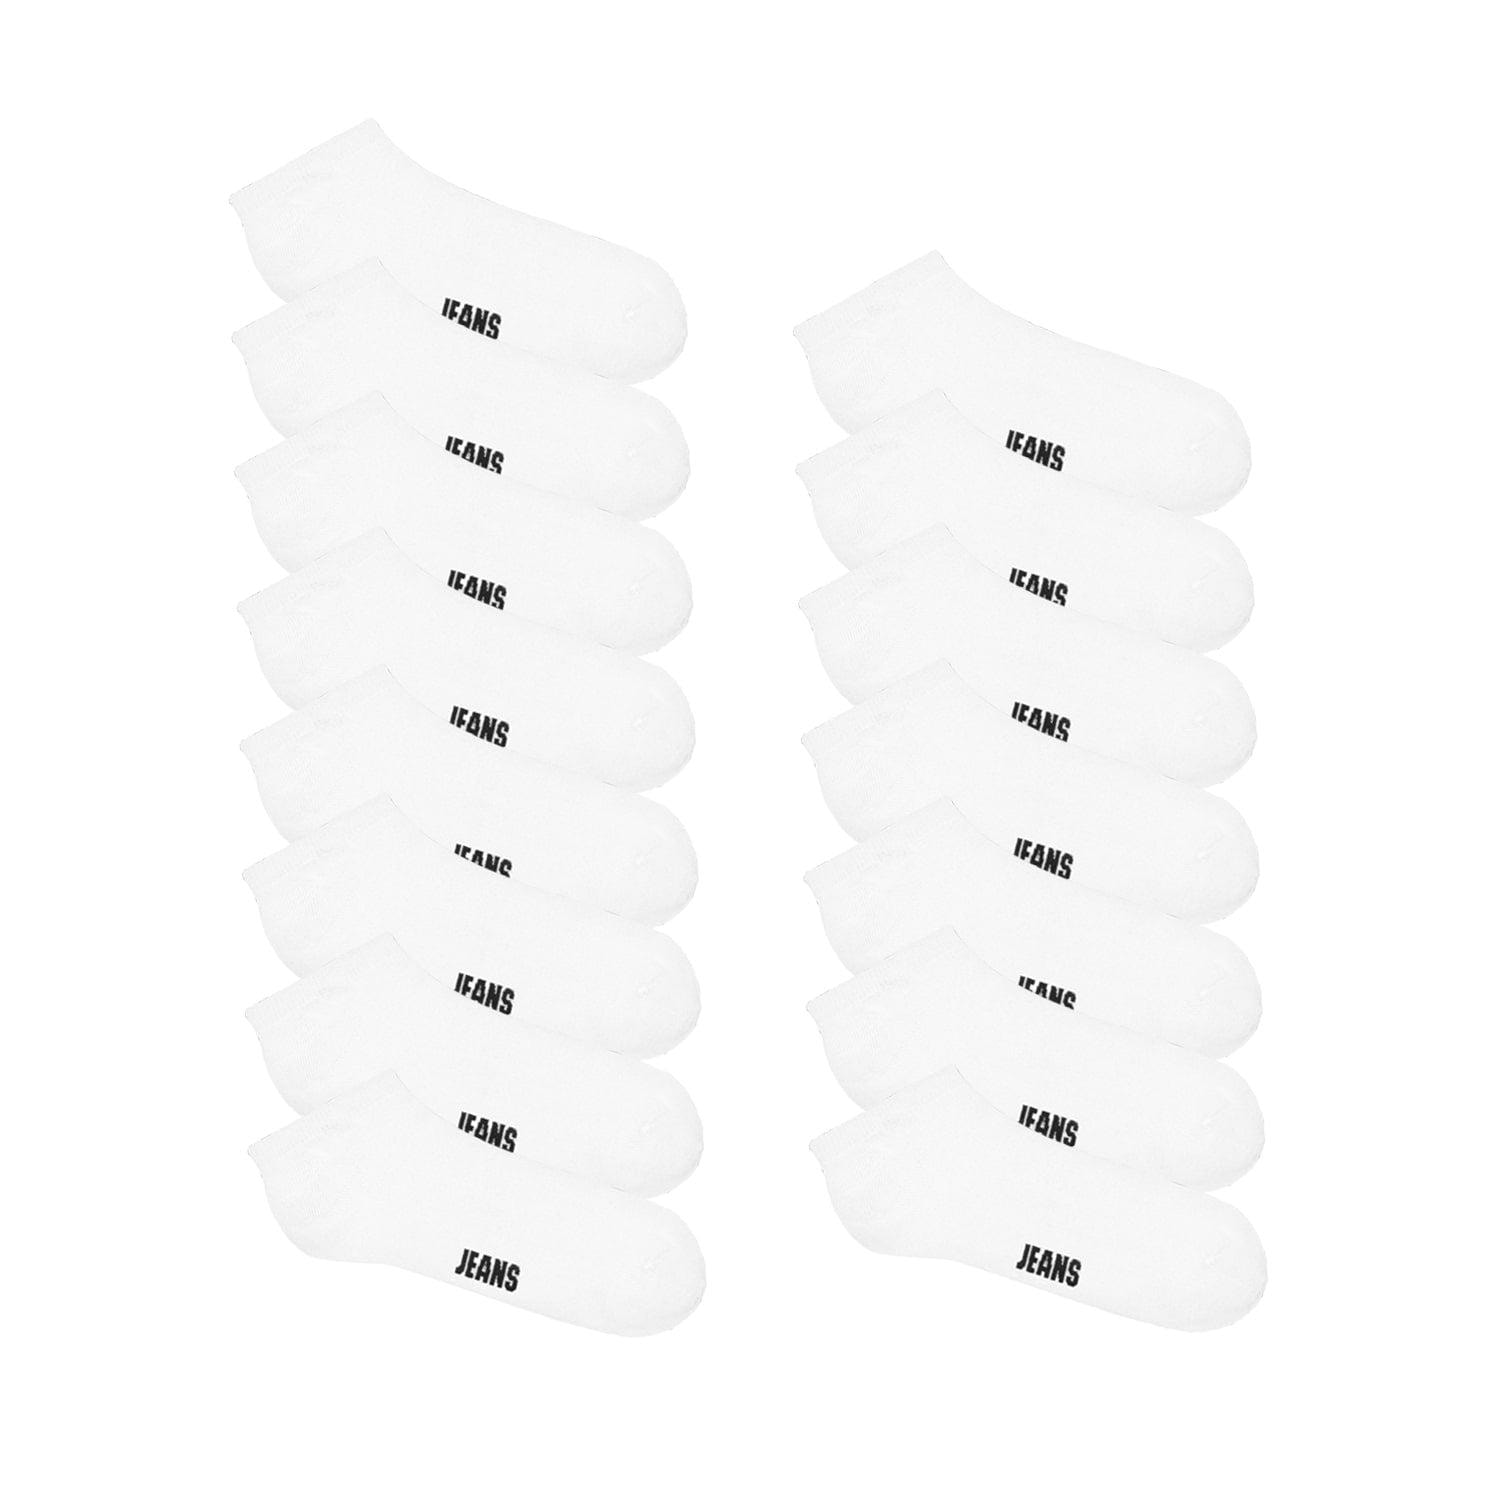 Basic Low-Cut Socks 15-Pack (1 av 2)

=-=-=-=-=

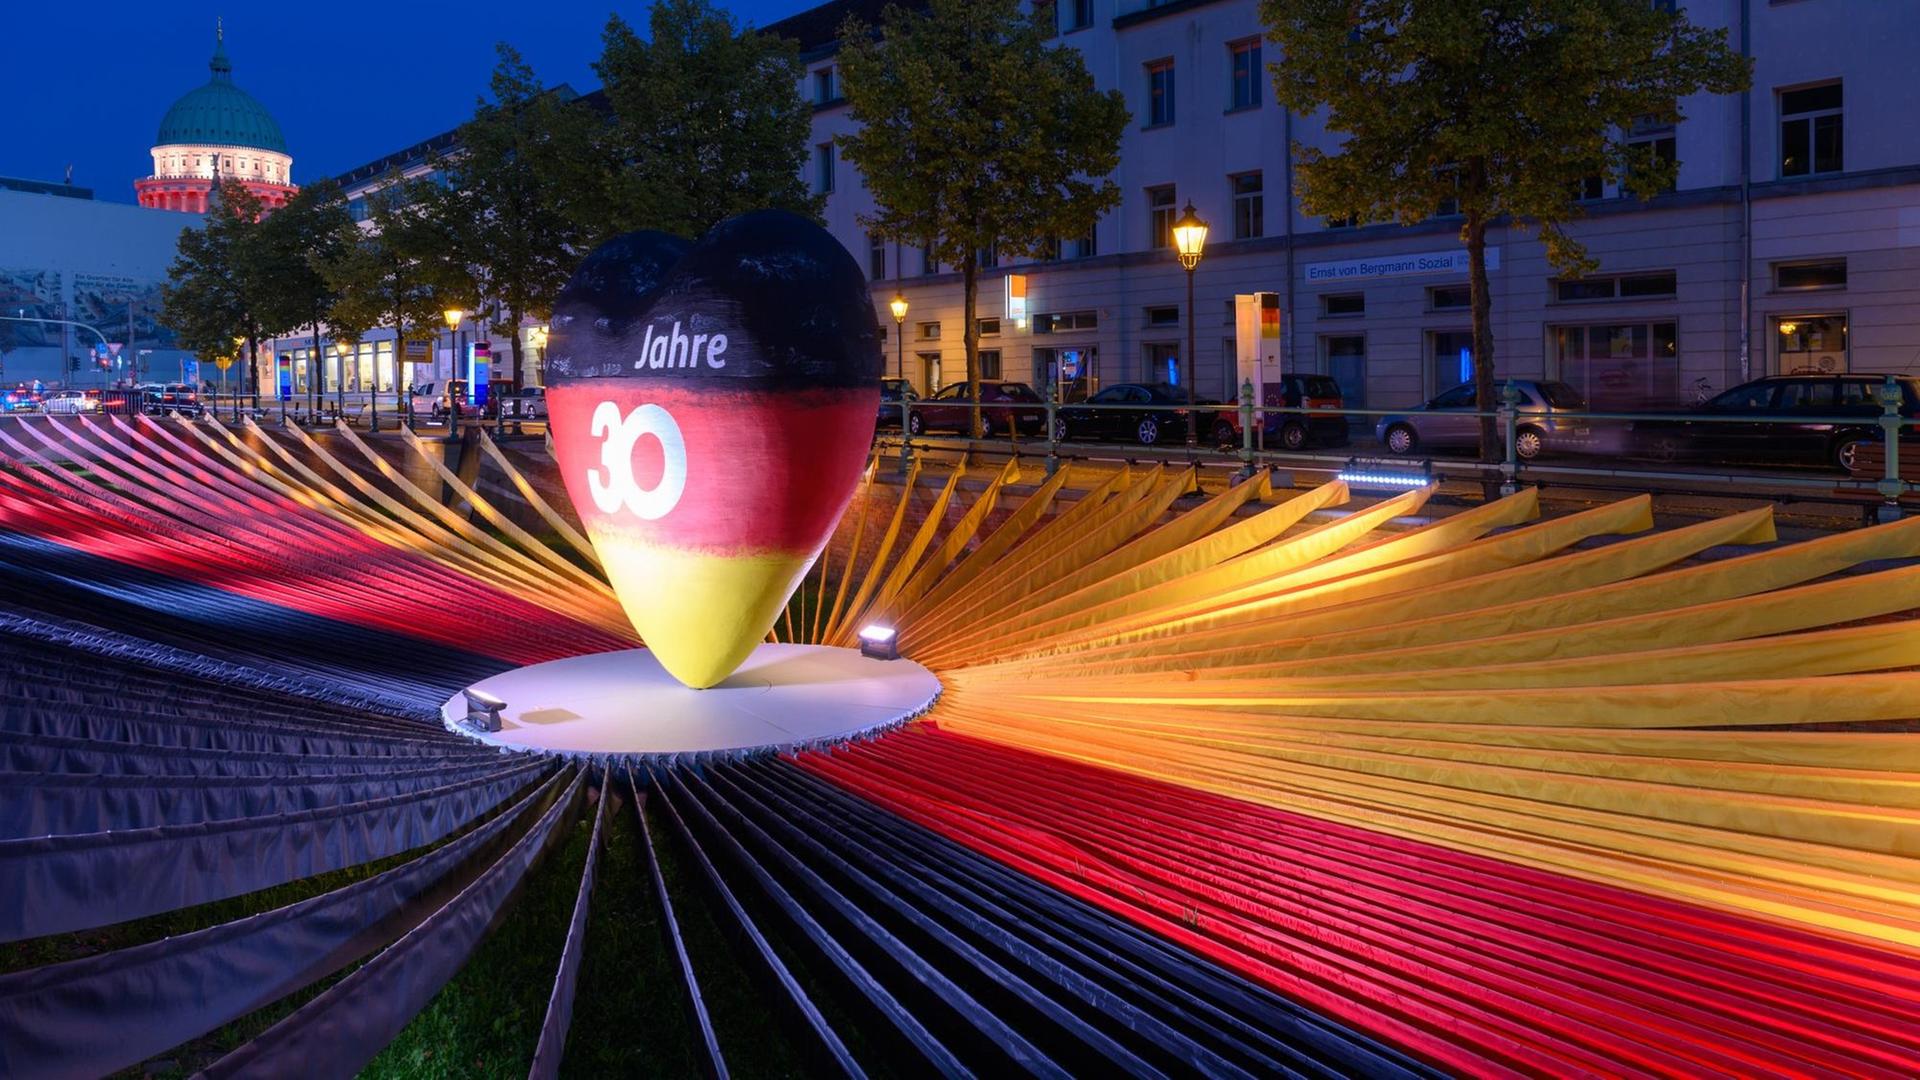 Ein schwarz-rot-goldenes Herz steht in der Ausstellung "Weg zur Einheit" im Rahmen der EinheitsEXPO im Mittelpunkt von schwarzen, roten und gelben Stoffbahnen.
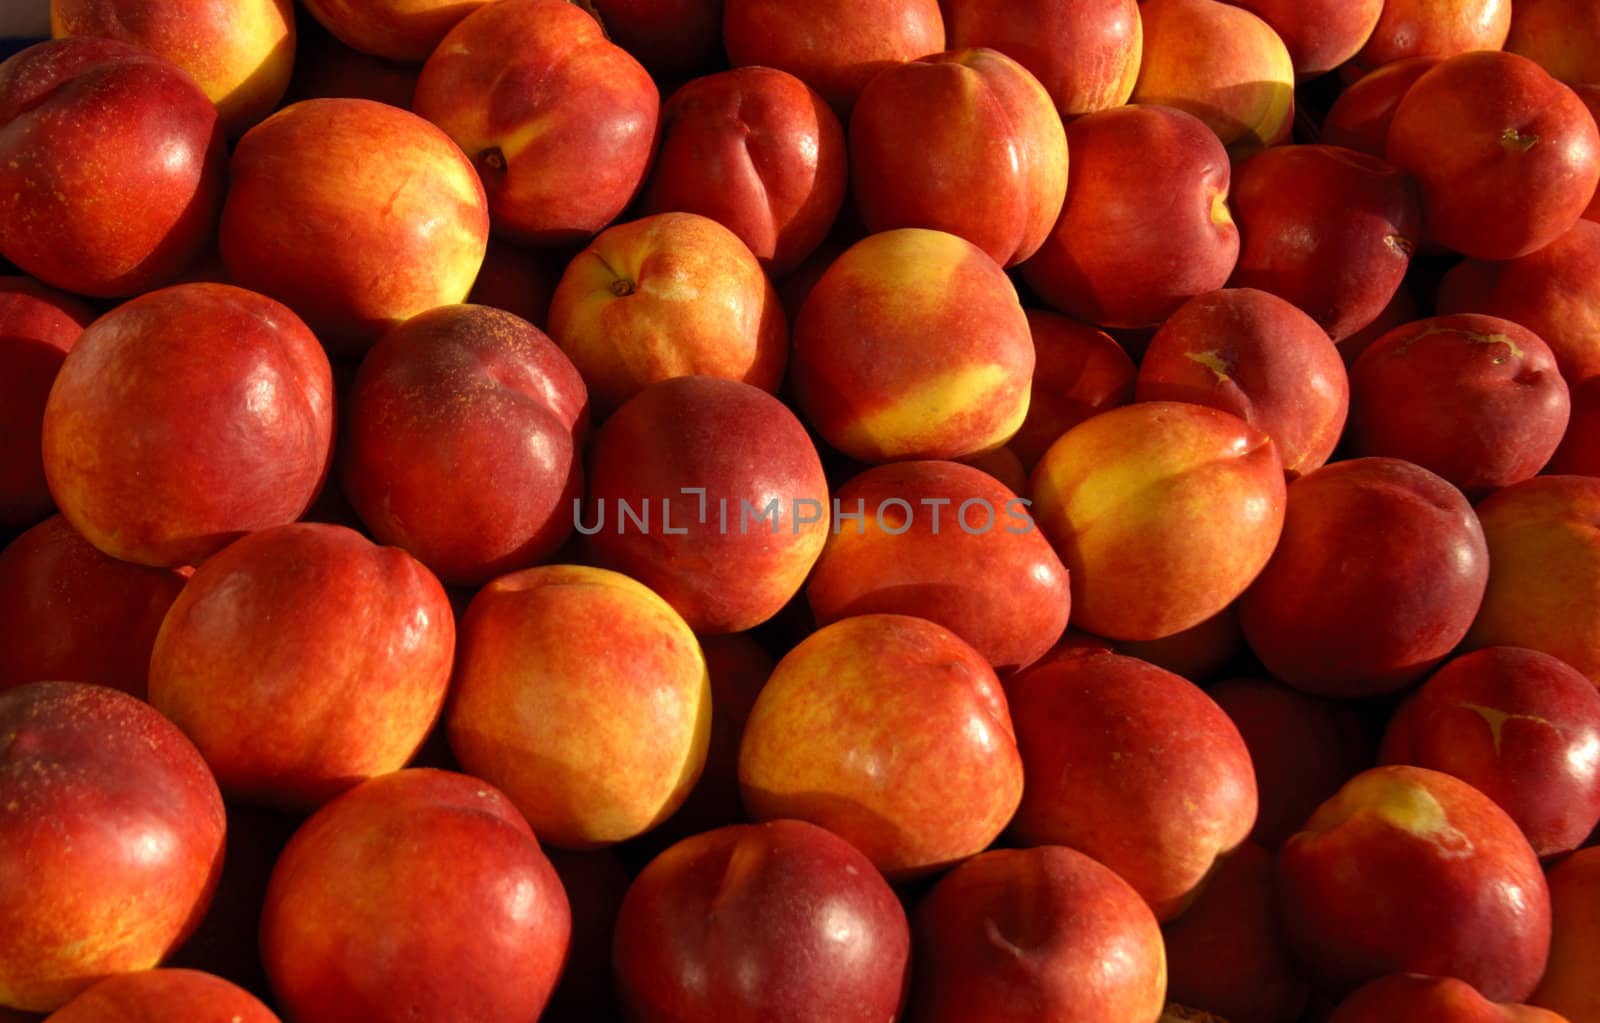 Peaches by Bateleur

=-=-=-=-=

EXERCISE DIRECTIONS >>
Would you output the lines above from the line holding "Ein schwarz-rot-goldenes Herz" up to and including the line holding "Peaches by Bateleur", exactly and only those, with no pictures?

RESPONSE TO THIS EXERCISE >>
 Ein schwarz-rot-goldenes Herz steht in der Ausstellung "Weg zur Einheit" im Rahmen der EinheitsEXPO im Mittelpunkt von schwarzen, roten und gelben Stoffbahnen.
 Peaches by Bateleur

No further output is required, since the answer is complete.